Background: Limited research has evaluated distinct aspects of disaster experience as predictors of affective symptoms. In this study, we examined the extent to which maternal depression and anxiety over time were predicted by (1) objective hardship from a flood during pregnancy, (2) peritraumatic distress and (3) cognitive appraisal of the flood's consequences.
Methods: Data were drawn from the 2011 Queensland Flood Study, a prospective, longitudinal study of pregnancy (n = 183). Mothers’ disaster experience was measured within 1 year after the flood. Their levels of depression, anxiety and stress were measured at 16 months, 30 months, 4 years and 6 years after childbirth. Linear mixed models were employed to evaluate symptom trajectories.
Results: There were no time-dependent effects of disaster-related variables. Objective hardship did not predict outcomes. Peritraumatic distress significantly predicted depression and anxiety symptoms when cognitive appraisal was negative. Conversely, when cognitive appraisal was neutral or positive, the effect of peritraumatic distress was “buffered”. For anxiety, but not depression, this interaction survived Bonferroni correction.
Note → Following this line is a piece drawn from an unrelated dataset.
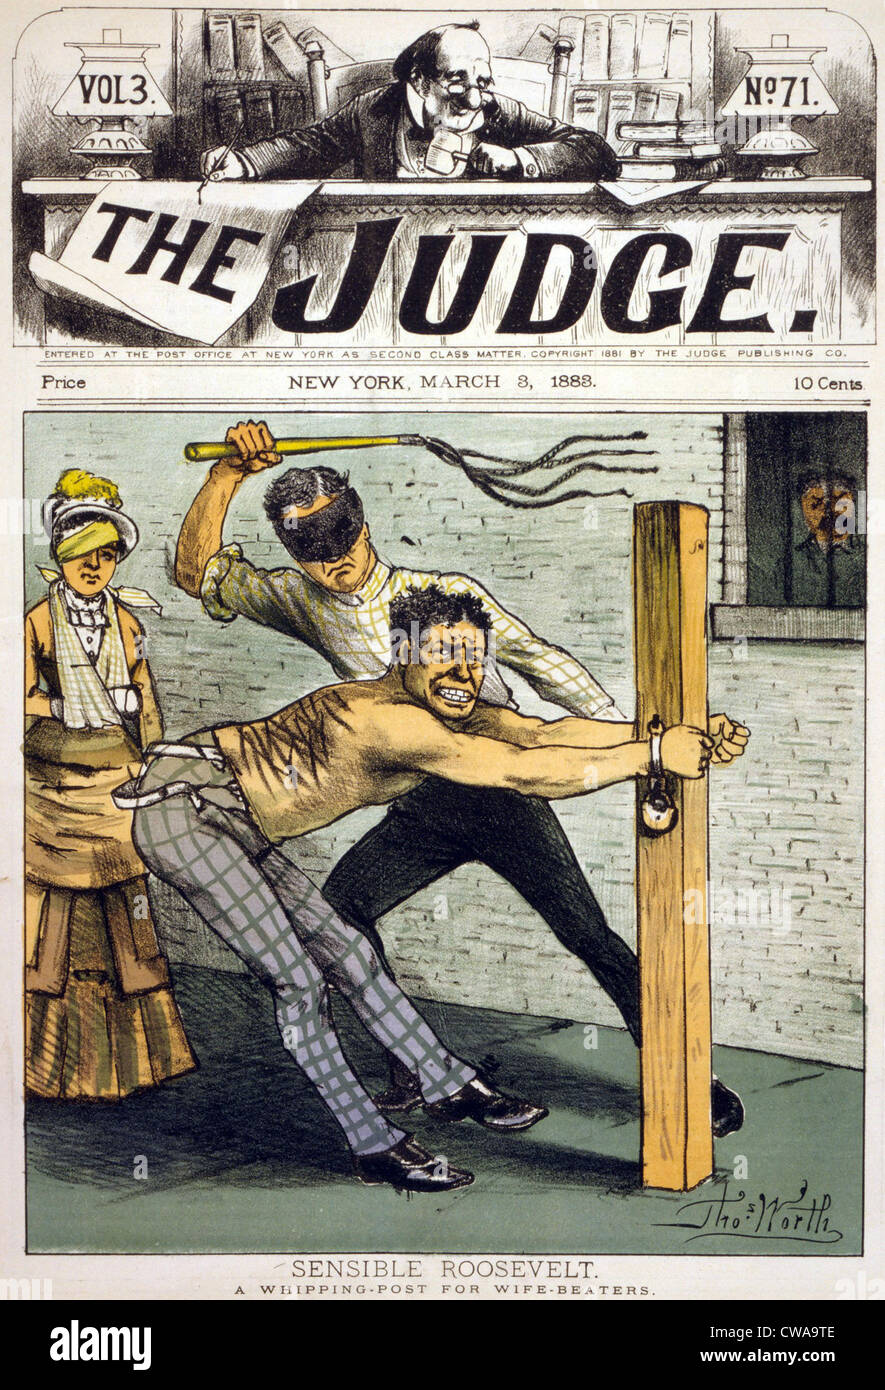 Theodore Roosevelt advocated a whipping post for men who beat their wives. This cartoon illustration shows a man manacled to Stock Photo

Neutral/positive cognitive appraisal similarly moderated the effect of peritraumatic dissociation.
Limitations: The generalizability of our findings is limited by overall low levels of depression and anxiety, along with a predominantly Caucasian, higher socioeconomic status sample. Potential confounders such as pre-disaster anxiety were not controlled for.
Conclusion: In line with previous evidence, this study supports the predictive validity of peritraumatic distress for post-disaster depression and anxiety. Our findings suggest that cognitive appraisal could be a relevant target for interventions aimed at fostering maternal resilience.